Data excerpt —
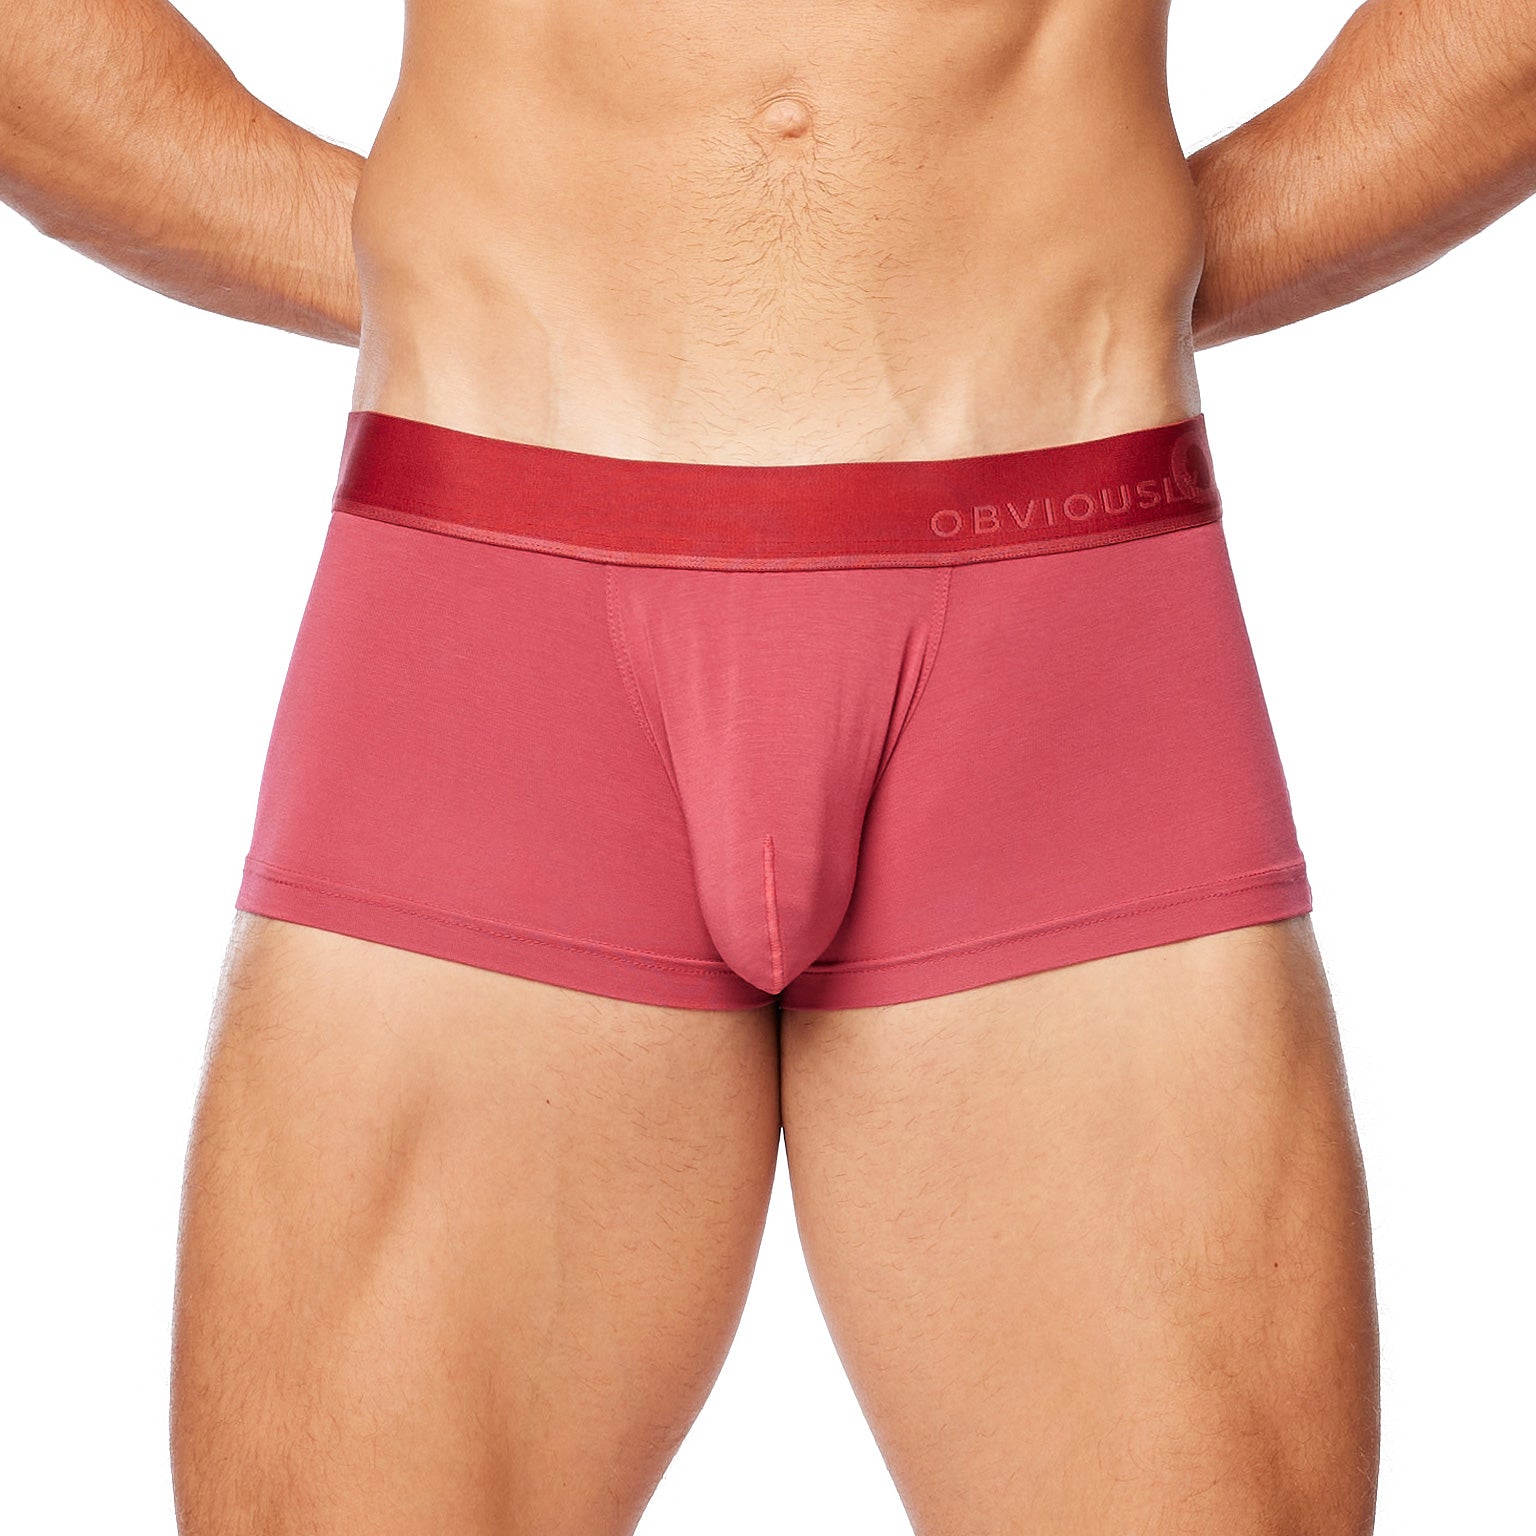 In our magazine today: Real Men in Underwear! Lovely Ben from Germany  posing in his Shaped Pouch Trunks in burgundy red from AdamSmithWear :  r/menandunderwear
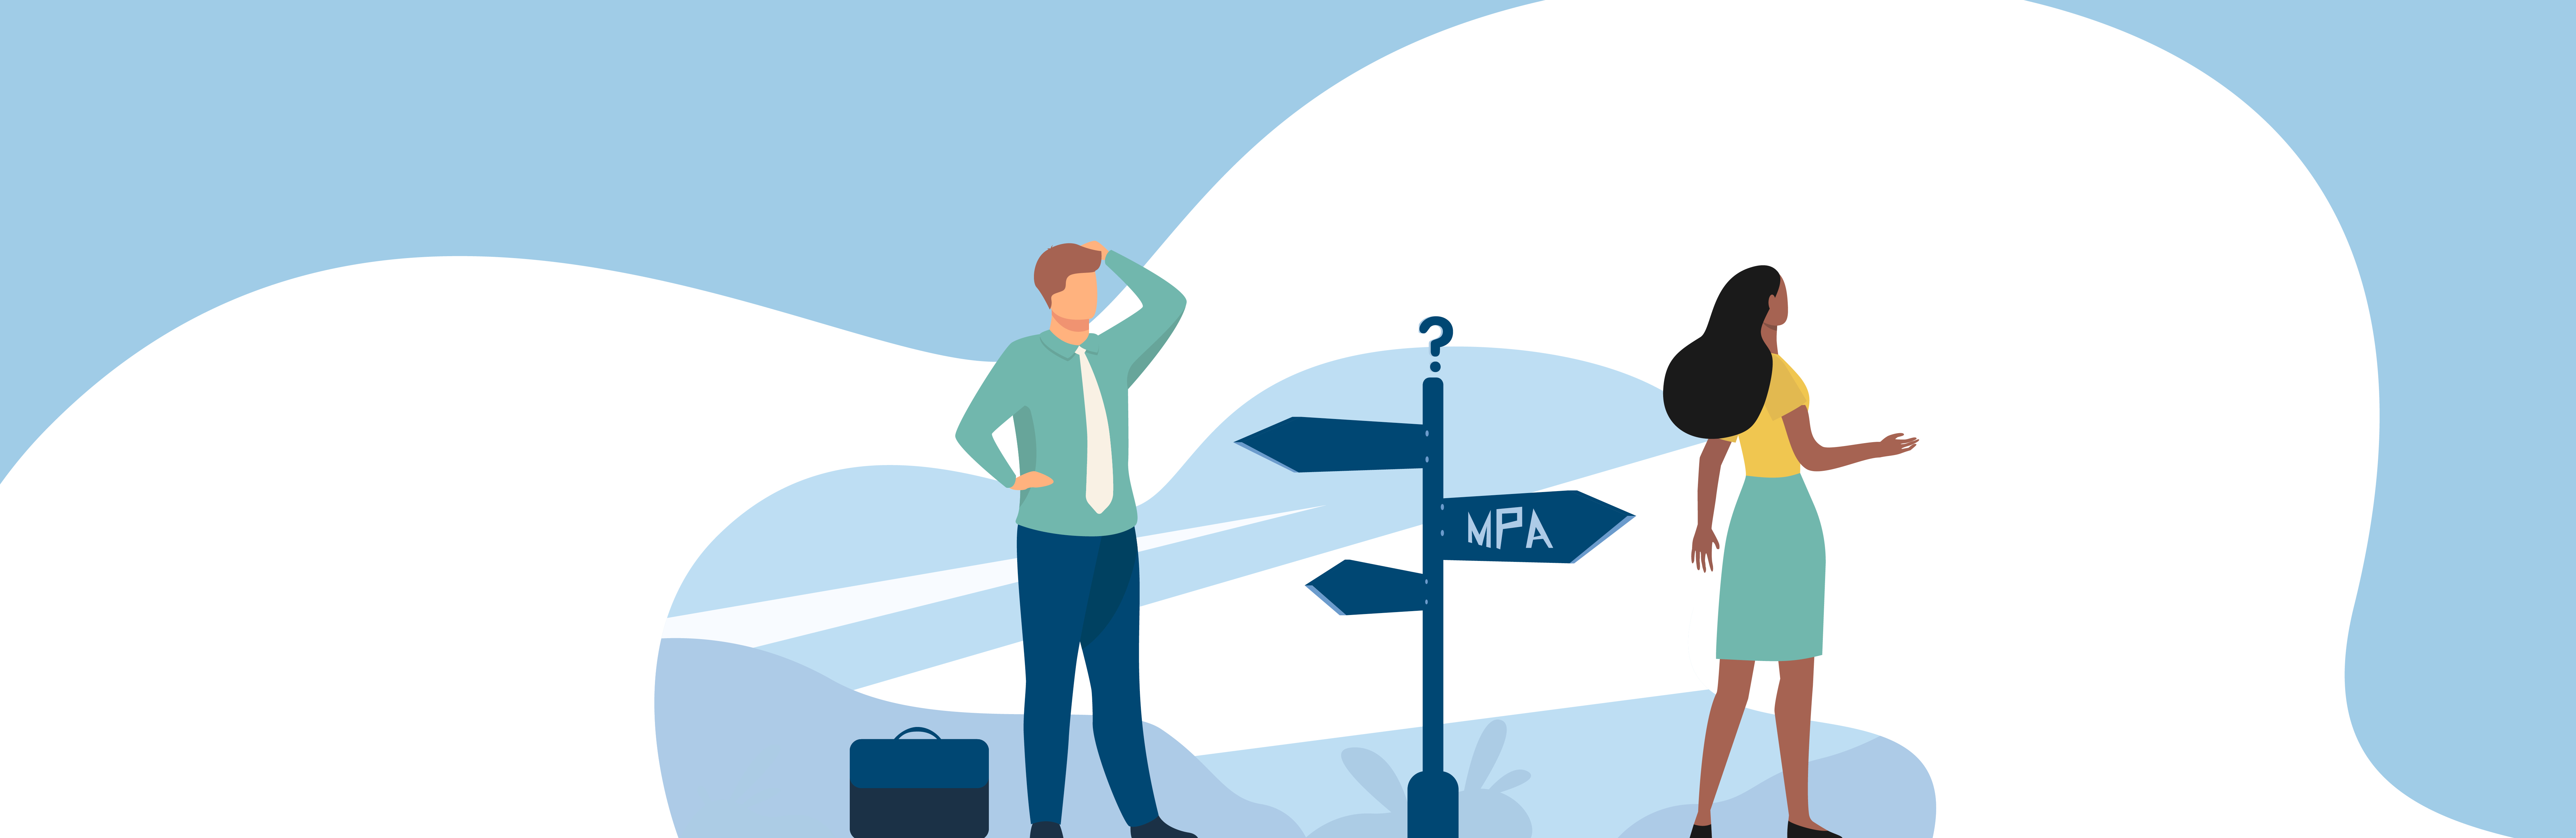 illustrated man and woman standing at a signpost that reads MPA
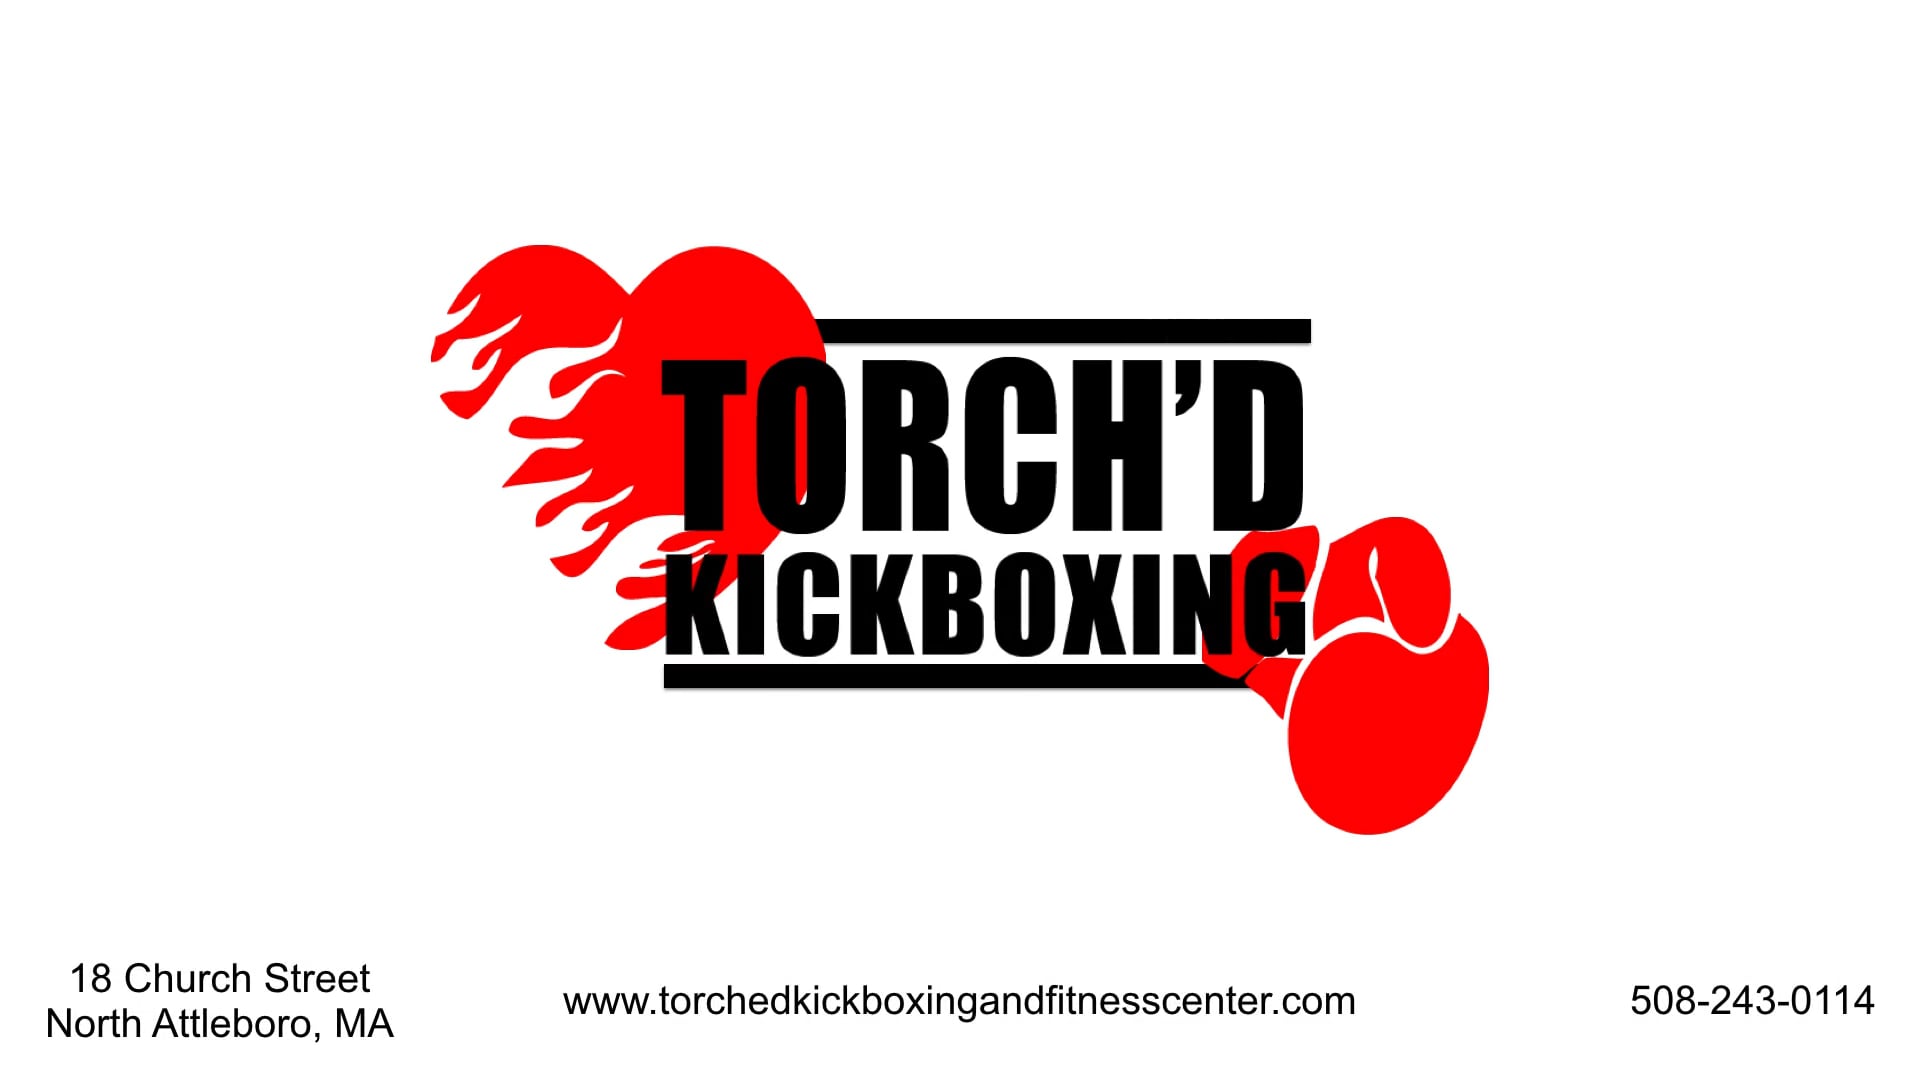 Torch'd Kickboxing Business Profile
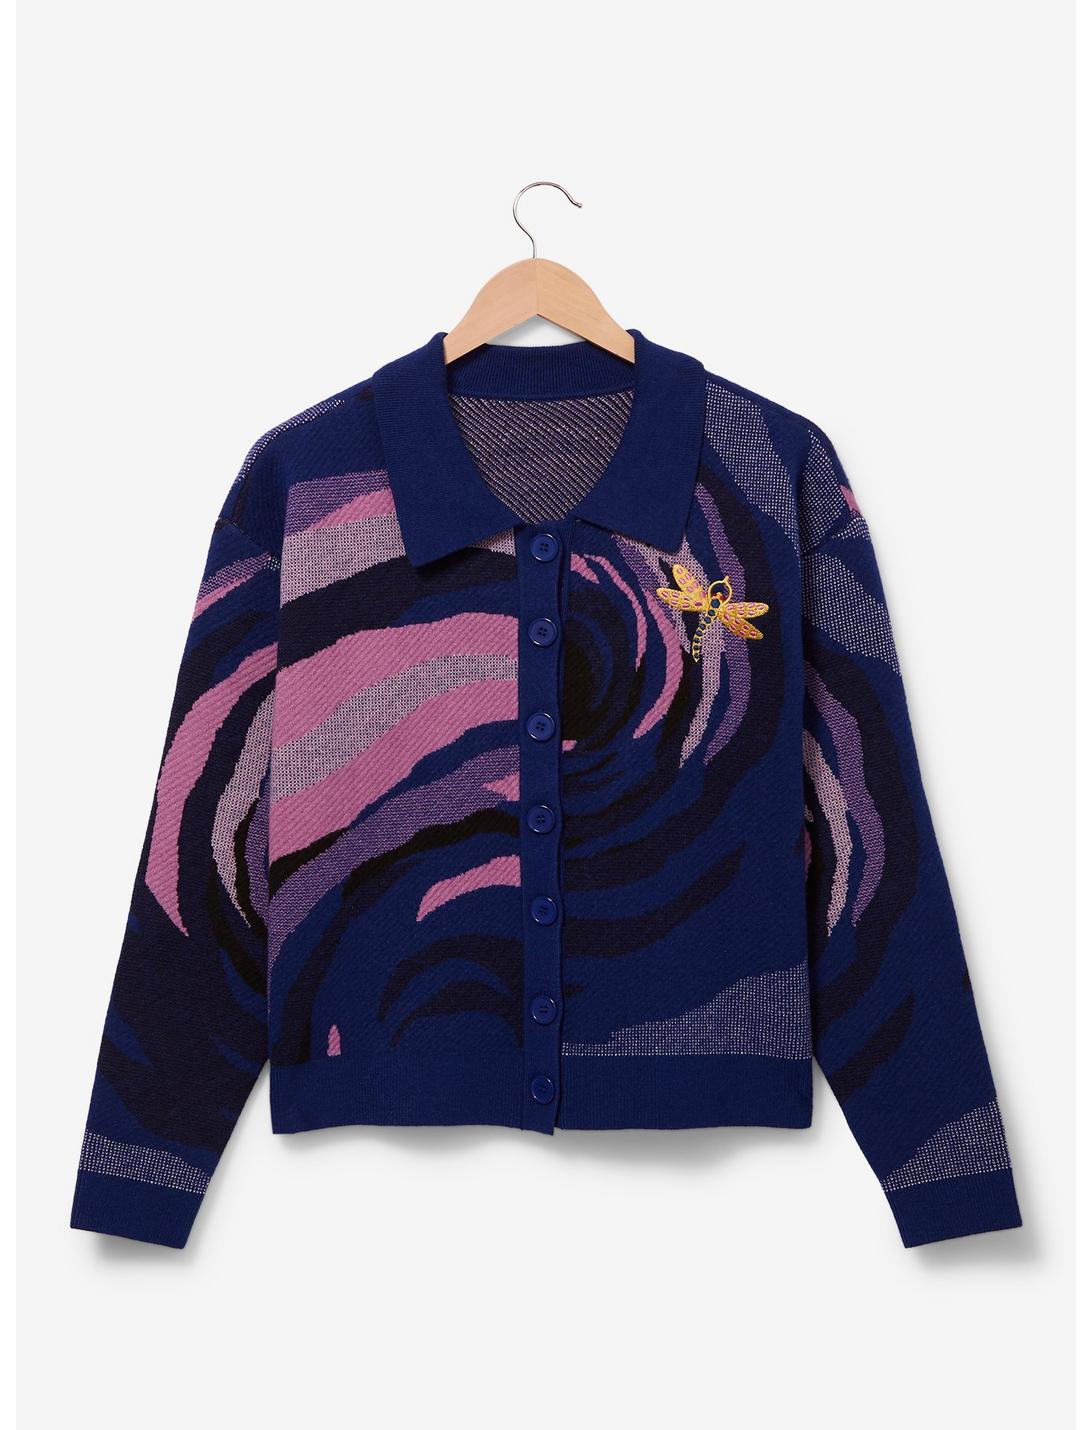 Coraline Dragonfly Collared Women's Plus Size Cardigan - BoxLunch Exclusive, MULTI, hi-res

Problem to work on —
Please write out every line of the listing above exactly, and leave the images behind.

Output for this exercise —
 In our magazine today: Real Men in Underwear! Lovely Ben from Germany  posing in his Shaped Pouch Trunks in burgundy red from AdamSmithWear :  r/menandunderwear
 illustrated man and woman standing at a signpost that reads MPA
 Torch'd Kickboxing Business Profile
 Coraline Dragonfly Collared Women's Plus Size Cardigan - BoxLunch Exclusive, MULTI, hi-res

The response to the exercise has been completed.